Those huge SIM cards are actually exactly the same as modern ones, just with more plastic around the actual chip.


----------



## pianissimo (Oct 6, 2011)

My dad had one of these:




It was so cool to be seen with it I tell ya.


----------



## stuff_it (Oct 6, 2011)

Crispy said:


> Those huge SIM cards are actually exactly the same as modern ones, just with more plastic around the actual chip.


Yes I know, which is why it was utterly insane to use them for so long, leading to several years of very flat wide phones.


----------



## skyscraper101 (Oct 6, 2011)

twentythreedom said:


> Oh, Nokia, Nokia, what have you done? We miss you....



I could text faster on that phone than any other since. Great phone. Shame it didn't vibrate though.


----------



## stuff_it (Oct 6, 2011)

My mum actually had one that was a normal sized handset, but only because you had to carry the battery separately as it was the size of a decentish dictionary. She was commuting long distances and I was quite young, but it turned out that the road to and from work was in fact the only area that didn't have any coverage for years after everywhere else around where we lived.


----------



## joustmaster (Oct 6, 2011)

twentythreedom said:


> YEAH BABY!!! These rule


that was an ace phone.

also- this


----------



## 5t3IIa (Oct 6, 2011)




----------



## 100% masahiko (Oct 6, 2011)

stuff_it said:


> I remember having to ring people's pagers to get weight of weed, and a mate had one who was on a protest site but I think his was Orange - I remember he got a news headlines subscription for free for a few months to entice him and one of the messages said simply 'a load of old pony'.
> 
> Back when no one had phones, and you had to actually go out to the call box to ring people.

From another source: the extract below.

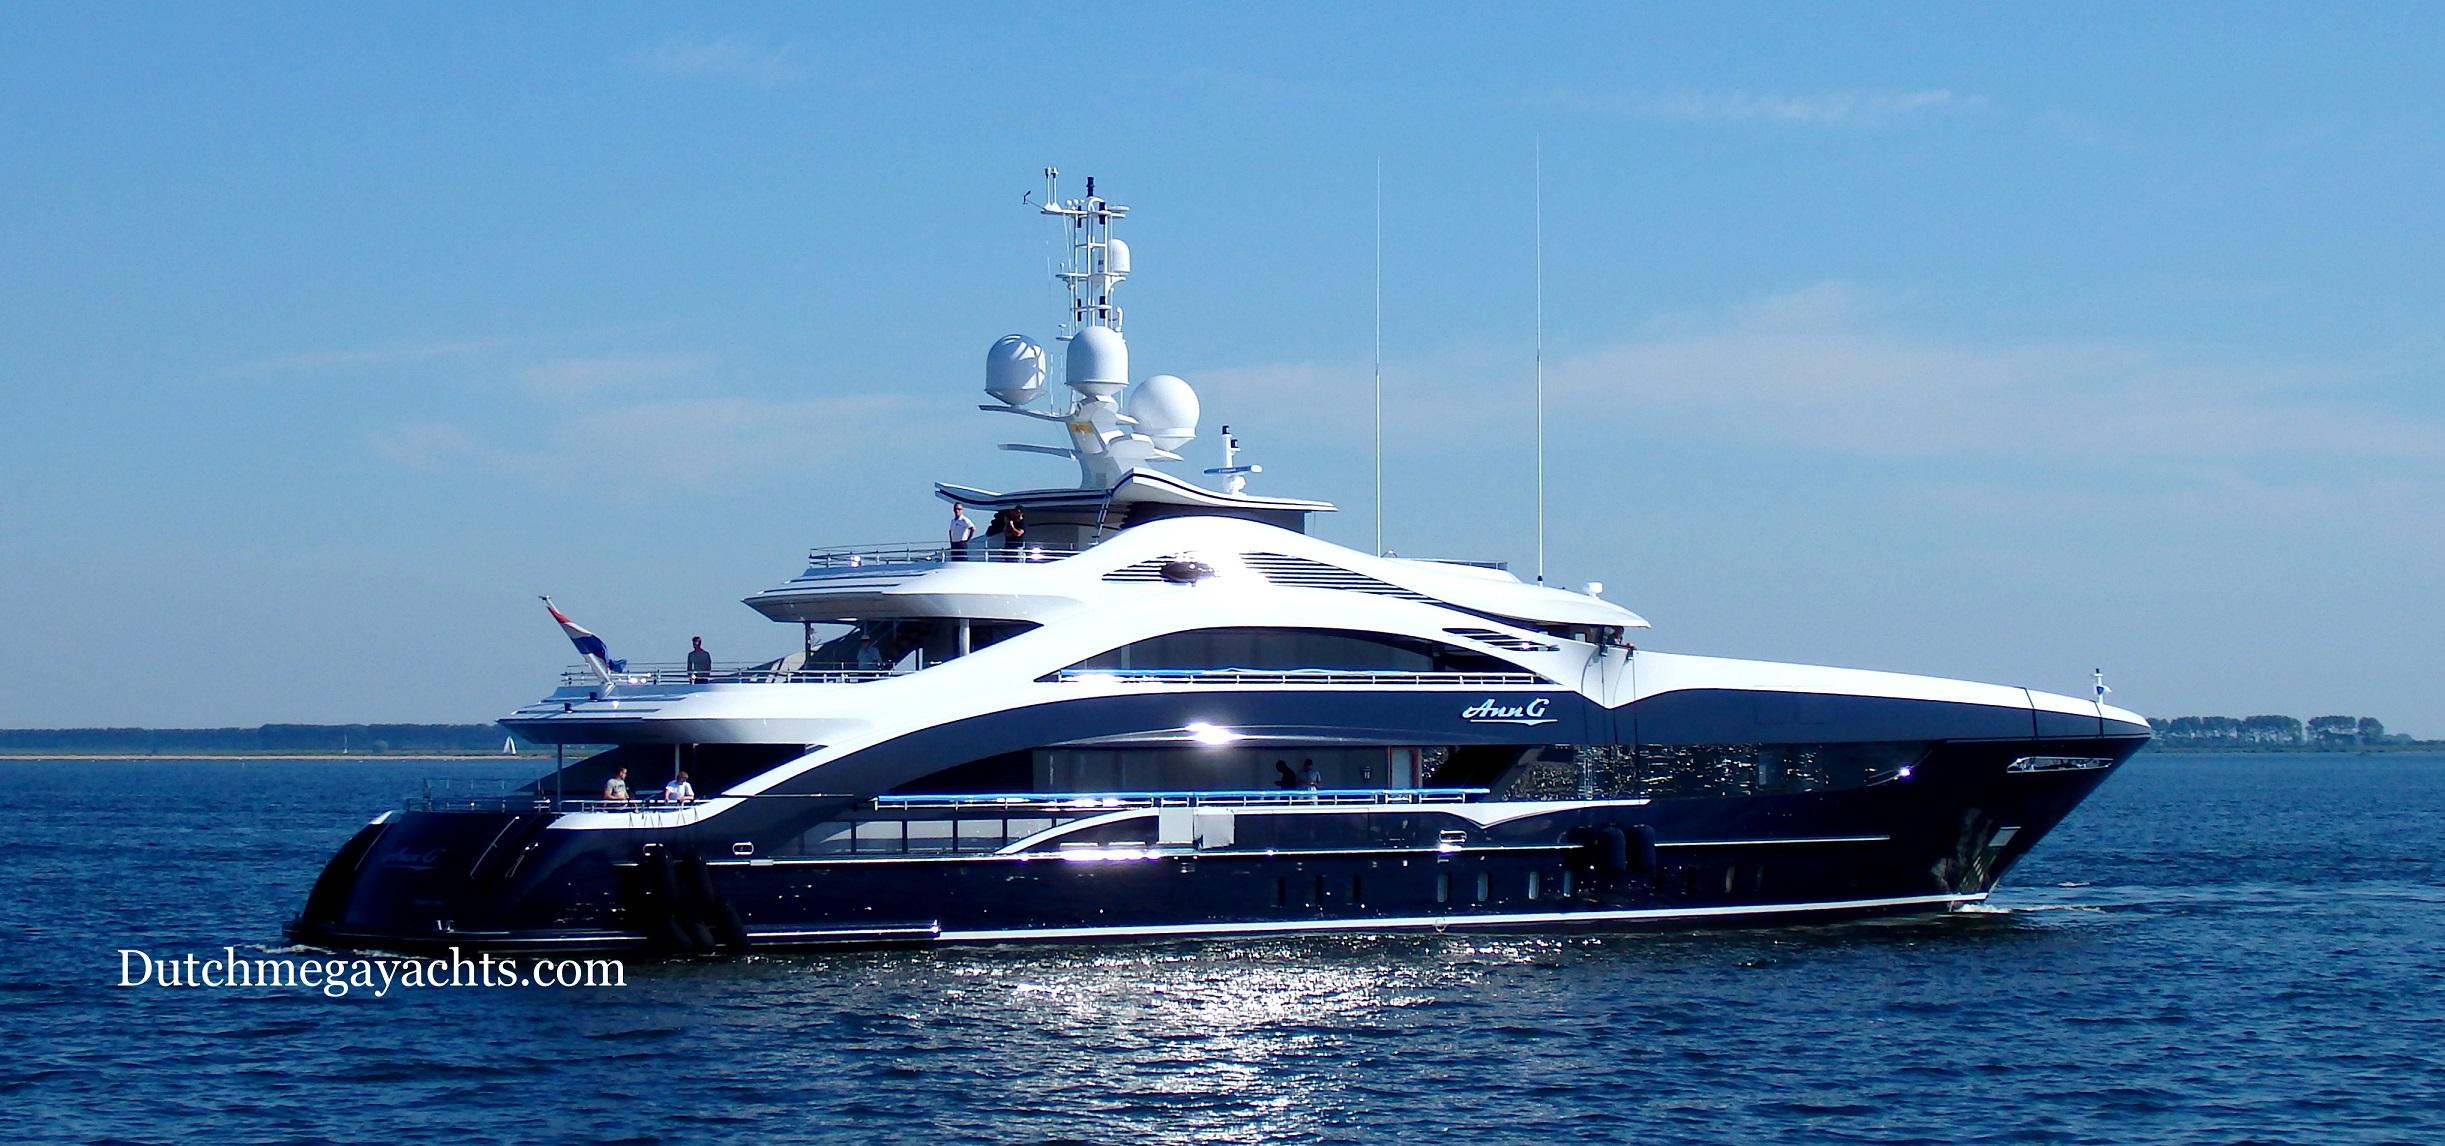 Luxury Motor Yacht Ann G Photo By Dutchmegayachts

weight of weed? updates, like the price of gold?
funnily, i used it when dealing but lost it at a club.
so pointless now - pagers that is.

my second phone.






better quality battery.
gutted i gave it away when upgraded.


----------



## UnderAnOpenSky (Oct 6, 2011)

I had one of these some years before the iphone came out.


----------



## editor (Oct 6, 2011)

joustmaster said:


> that was an ace phone.
> 
> also- this


I always lusted after that phone.


----------



## 5t3IIa (Oct 6, 2011)

I can't remember what make my first one was... I think it was one you could put AA batteries in... was on Orange. My number had 777777 in it, which was fucking annoying.


----------



## 100% masahiko (Oct 6, 2011)

I think the big evolutionary step were phones with polyphonic ringtones, colour screen and a crappy camera.
Christ, I can't find it but it was well shit...it was Nokia and the camera was well rubbish. but at the time, it was the bollocks.


----------



## 5t3IIa (Oct 6, 2011)

I remember before SMS was turned on. Can you _imagine _just not having txting? There was an option in the menu but it didn't work, and we wondered and wondered what it could possibly mean.

Can you _imagine?_


----------



## stuff_it (Oct 6, 2011)

5t3IIa said:


> I remember before SMS was turned on. Can you _imagine _just not having txting? There was an option in the menu but it didn't work, and we wondered and wondered what it could possibly mean.
> 
> Can you _imagine?_


Yes, but other people could text me - I  think it was because you had to have a proper contract to get the extra feature of sending SMS.


----------



## 5t3IIa (Oct 6, 2011)

I suppose the companies were waiting to see if mobile phones took off  Funny, approx thriteen years later and there's an average of 3.1* per person in the UK.

* made up number.


----------



## 100% masahiko (Oct 6, 2011)

5t3IIa said:


> I remember before SMS was turned on. Can you _imagine _just not having txting? There was an option in the menu but it didn't work, and we wondered and wondered what it could possibly mean.
> 
> Can you _imagine?_



Nope I can't!!!

Also, remember what it was like to meet people?
Had to arrange it on landline first!
And what if you were late?

...crazy.


----------



## 5t3IIa (Oct 6, 2011)

stuff_it said:


> Yes, but other people could text me - I think it was because you had to have a proper contract to get the extra feature of sending SMS.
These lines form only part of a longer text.